CrowdStrike war auch eines der wenigen Unternehmen, das von der US-Behörde für Cyber- und Infrastruktursicherheit mit der Entwicklung eines „nationalen“ Cyberabwehrplans für 2021 beauftragt wurde. Die Initiative wurde als Versuch kritisiert, unter dem Deckmantel der Cybersicherheit die Überwachungsbefugnisse der US-Geheimdienste und der Big Tech zu stärken.

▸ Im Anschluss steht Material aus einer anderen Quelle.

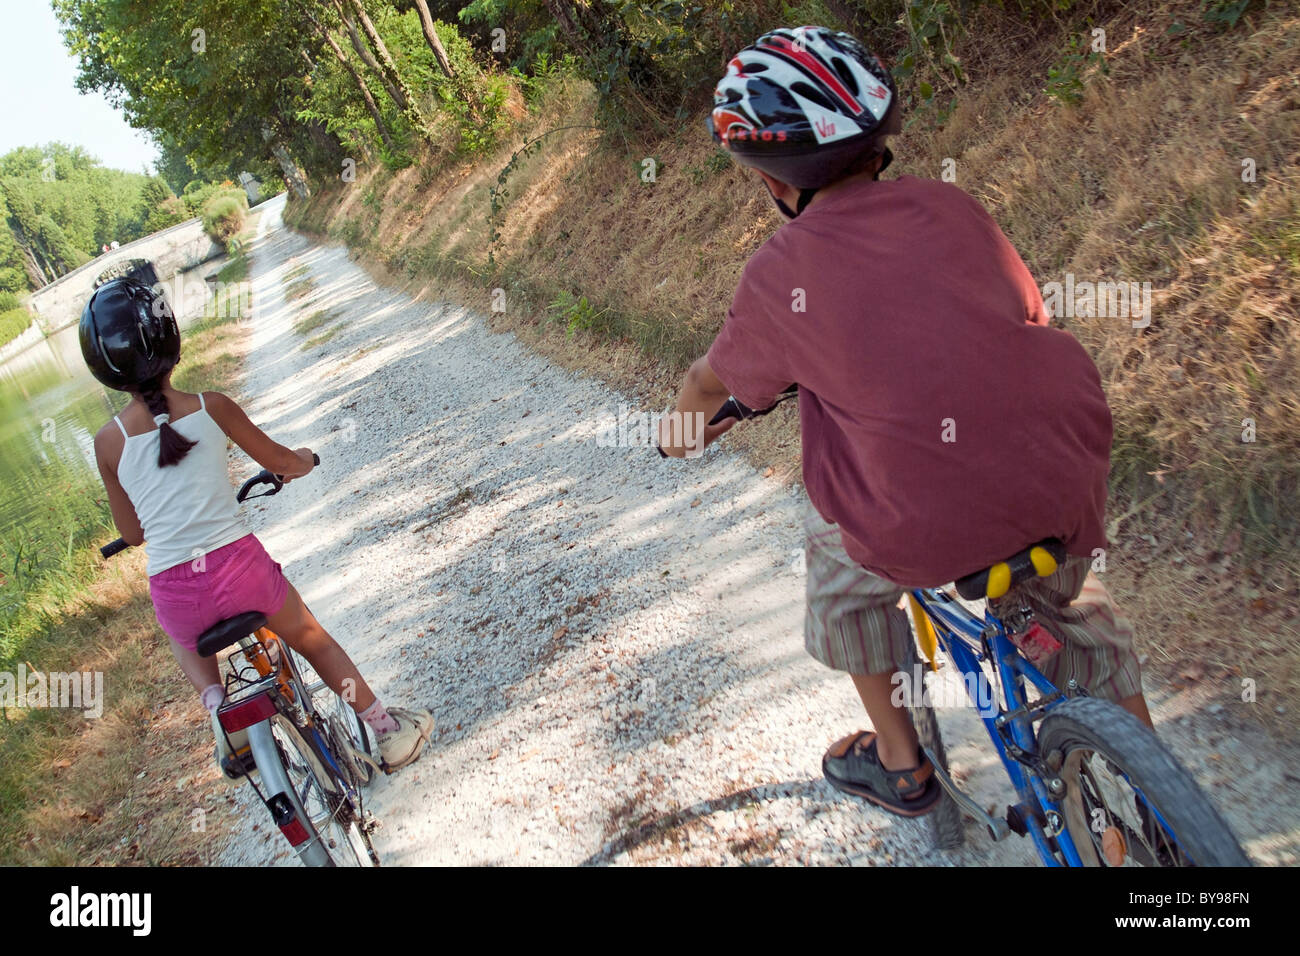 Young boy and girl biking side by side, Carcassonne, Canal du Midi, France. Stock Photo
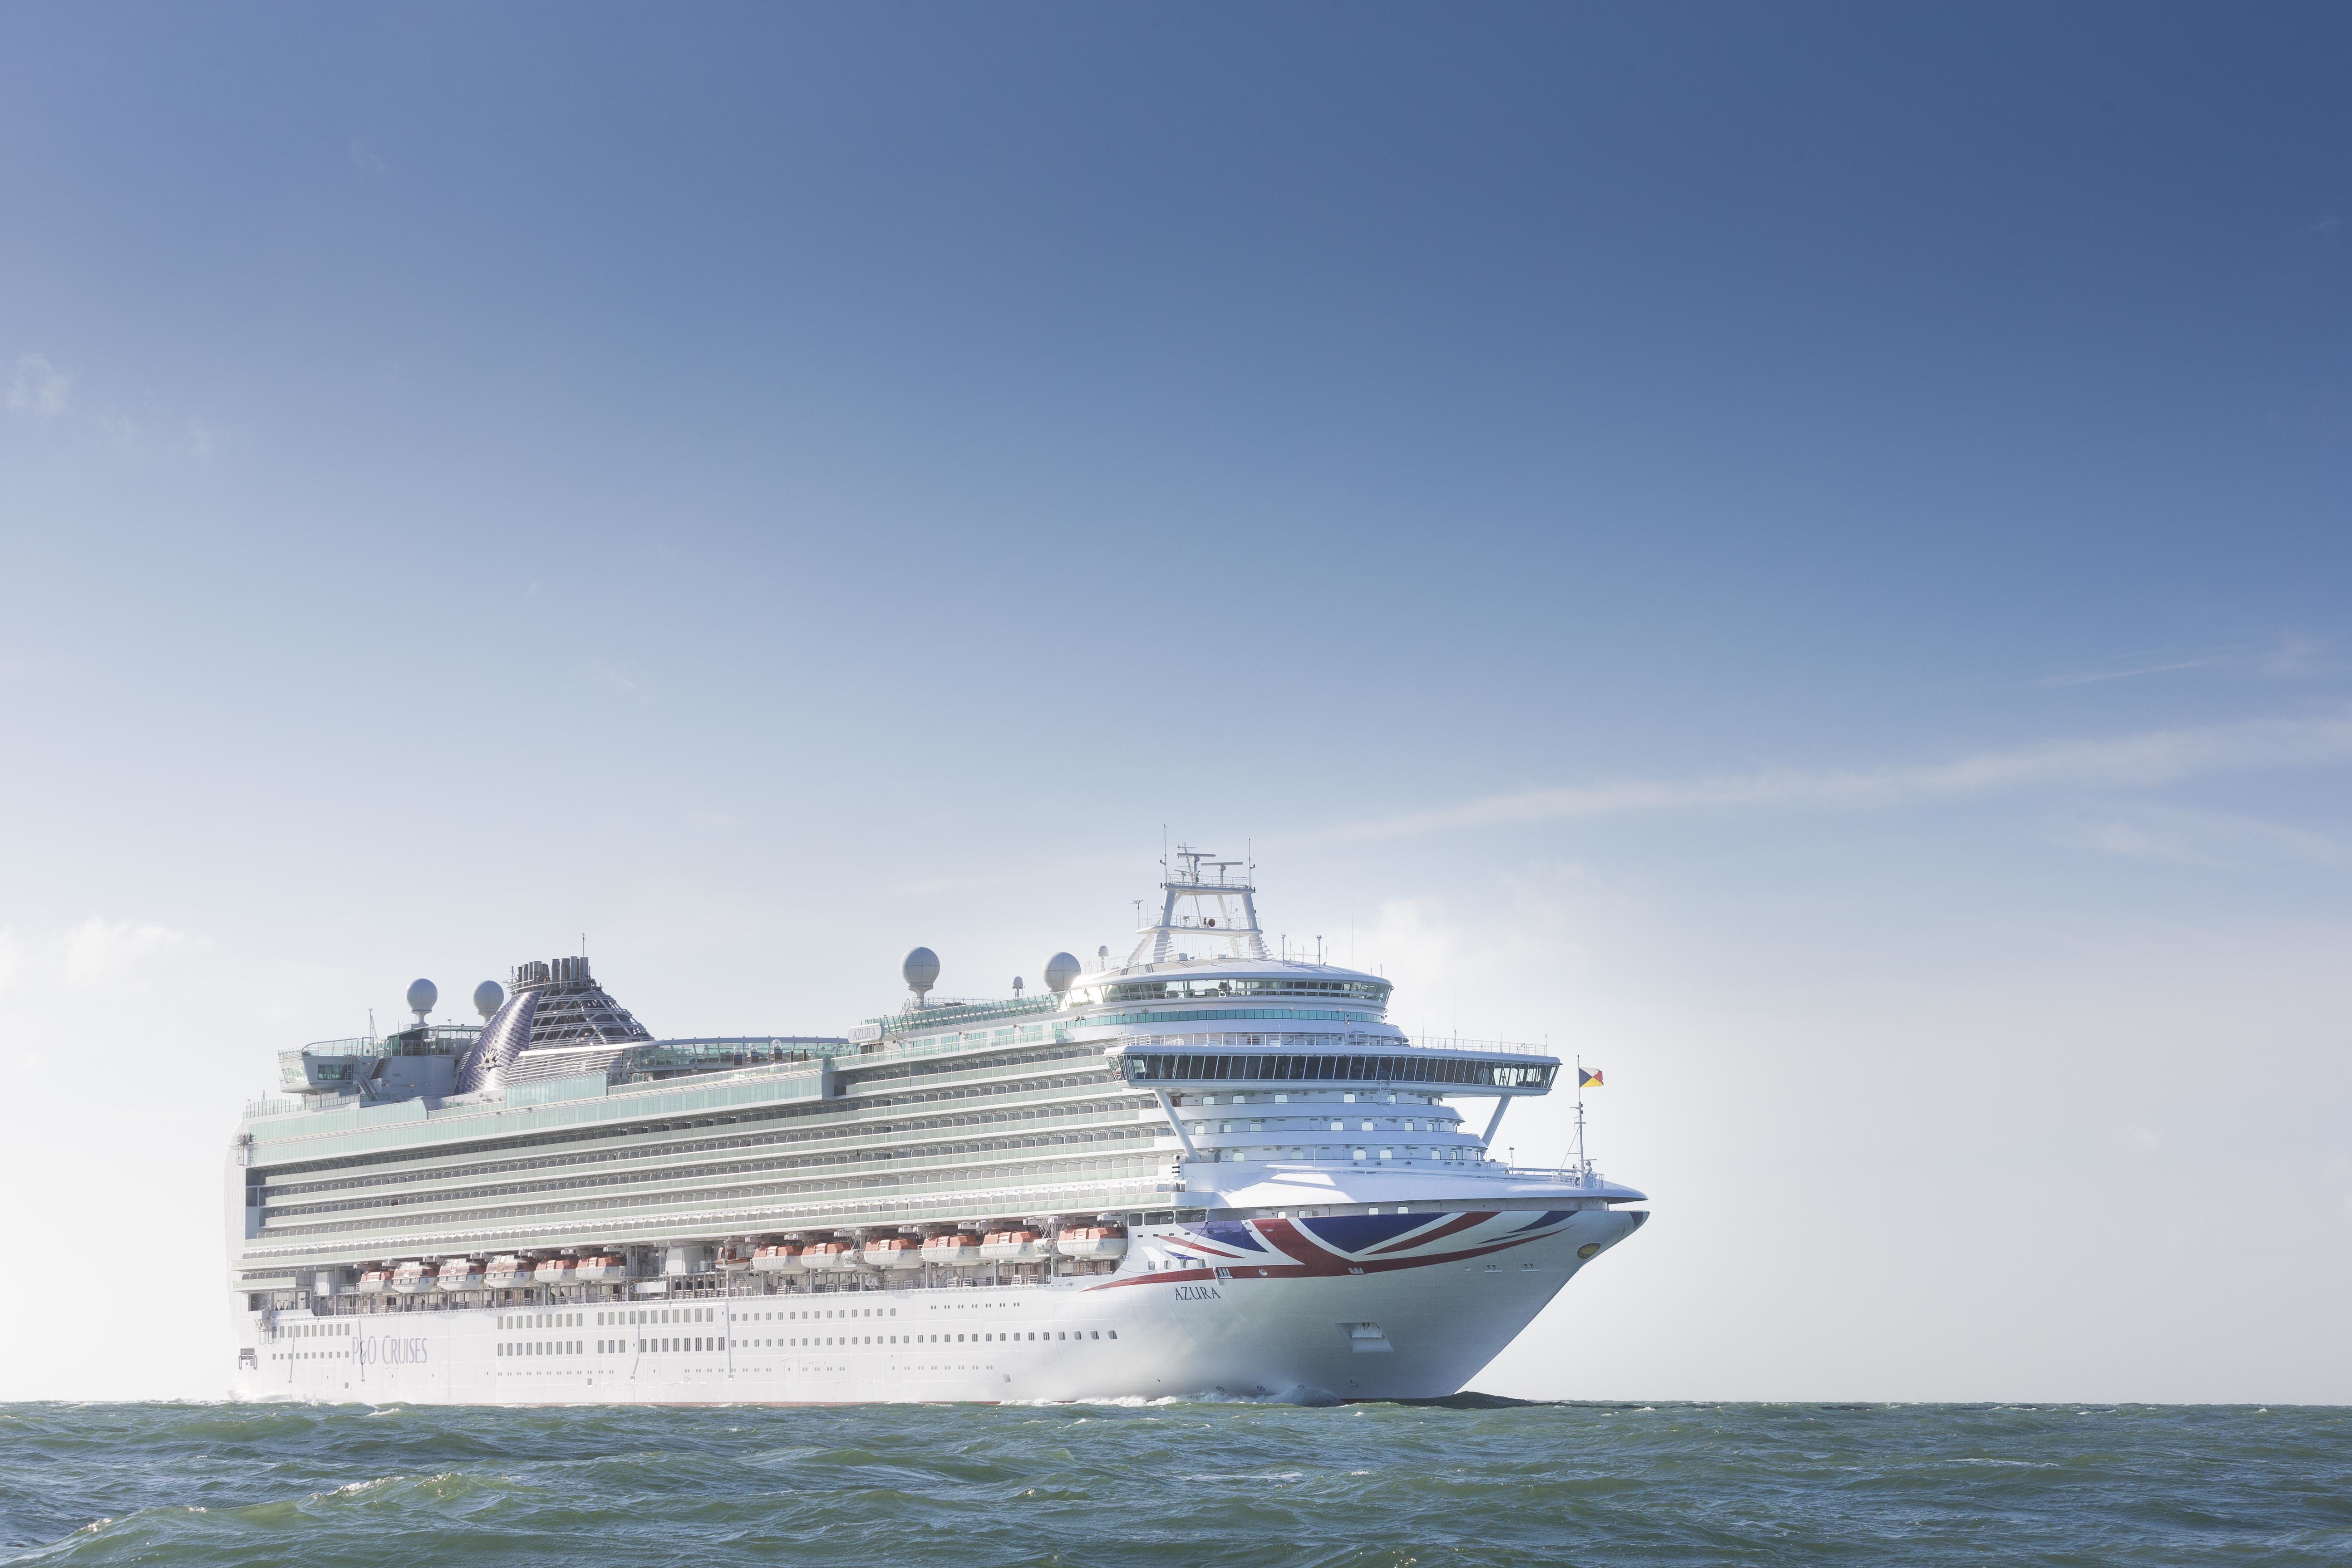 Carnival Corporation & plc contracts Bureau Veritas to support a return to cruising

Im selben Jahr machte George Kurtz, CEO von CrowdStrike, russische Hacker für den Hackerangriff auf die US-Regierung durch SolarWinds im Jahr 2020 verantwortlich, gab aber seltsamerweise zu, dass das Unternehmen über keine eigenen Informationen verfüge, „um diese Behauptung zu untermauern“.
PR-Albtraum
„Der PR-Aspekt ist natürlich ein Albtraum für CrowdStrike“, kommentierte der erfahrene unabhängige Cybersicherheitsexperte Lars Hilse gegenüber Sputnik die Panne vom Freitag und die Auswirkungen auf das Image und den Aktienkurs des Unternehmens.
Die Marktkapitalisierung von CrowdStrike sank um 12,5 Milliarden Dollar und CEO George Kurtz verlor mehr als 320 Millionen Dollar seines Privatvermögens. Der Aktienkurs des Unternehmens fiel von etwa 343 Dollar auf 302 Dollar pro Aktie, was bedeutet, dass etwa 12 Prozent des Marktwerts des Unternehmens vernichtet wurden.
Interessant ist, dass nicht alle im Unternehmen die Pleite mit roten Zahlen überstanden haben: Chief Security Officer Shawn Henry verkaufte am 15. Juli 4.000 Stammaktien von CrowdStrike Holdings für 371,32 Dollar pro Aktie oder insgesamt 1,49 Millionen Dollar, wie aus Daten der Securities and Exchange Commission hervorgeht.
Dies sei besonders wichtig, wenn es sich um „ein einziges Update handelt, das an eine Vielzahl von Kunden verteilt wird, die Cloud-basierte Lösungen nutzen, einschließlich derer, die für den reibungslosen Betrieb kritischer Infrastrukturen wie Flughäfen, Banken usw. verantwortlich sind“.
„Mit der zunehmenden Abhängigkeit von Technologie steigen auch die Auswirkungen auf die Gesellschaft exponentiell an, wenn diese Technologie versagt, sei es durch einen vorsätzlichen/gezielten Angriff oder durch fehlerhafte Software wie in diesem Fall“, betonte Hilse.
Der russische Cybersicherheitsexperte Alexej Lukatskij erklärte gegenüber Sputnik, dass Russland die CrowdStrike-Kugel dank starker heimischer Cybersicherheitsunternehmen vermeiden konnte. Die Ausfälle vom Freitag seien daher eine weitere wichtige „Lektion“ für Russland, das „allmählich von Produkten ausländischer Anbieter auf russische umgestiegen“ sei, dass es auf dem richtigen Weg sei.
Eine weitere wichtige Erkenntnis, so Lukatskiy, sei die zunehmend kritische Abhängigkeit der modernen Welt von Computern. „Die IT ist in viele verschiedene Bereiche eingedrungen, und die Eigentümer von Unternehmen, die in kritischen Branchen tätig sind, müssen alle Konsequenzen verstehen und die inakzeptablen Ereignisse abschätzen, die sich aus dem scheinbaren Ausfall eines gewöhnlichen Computers ergeben können“, sagte er.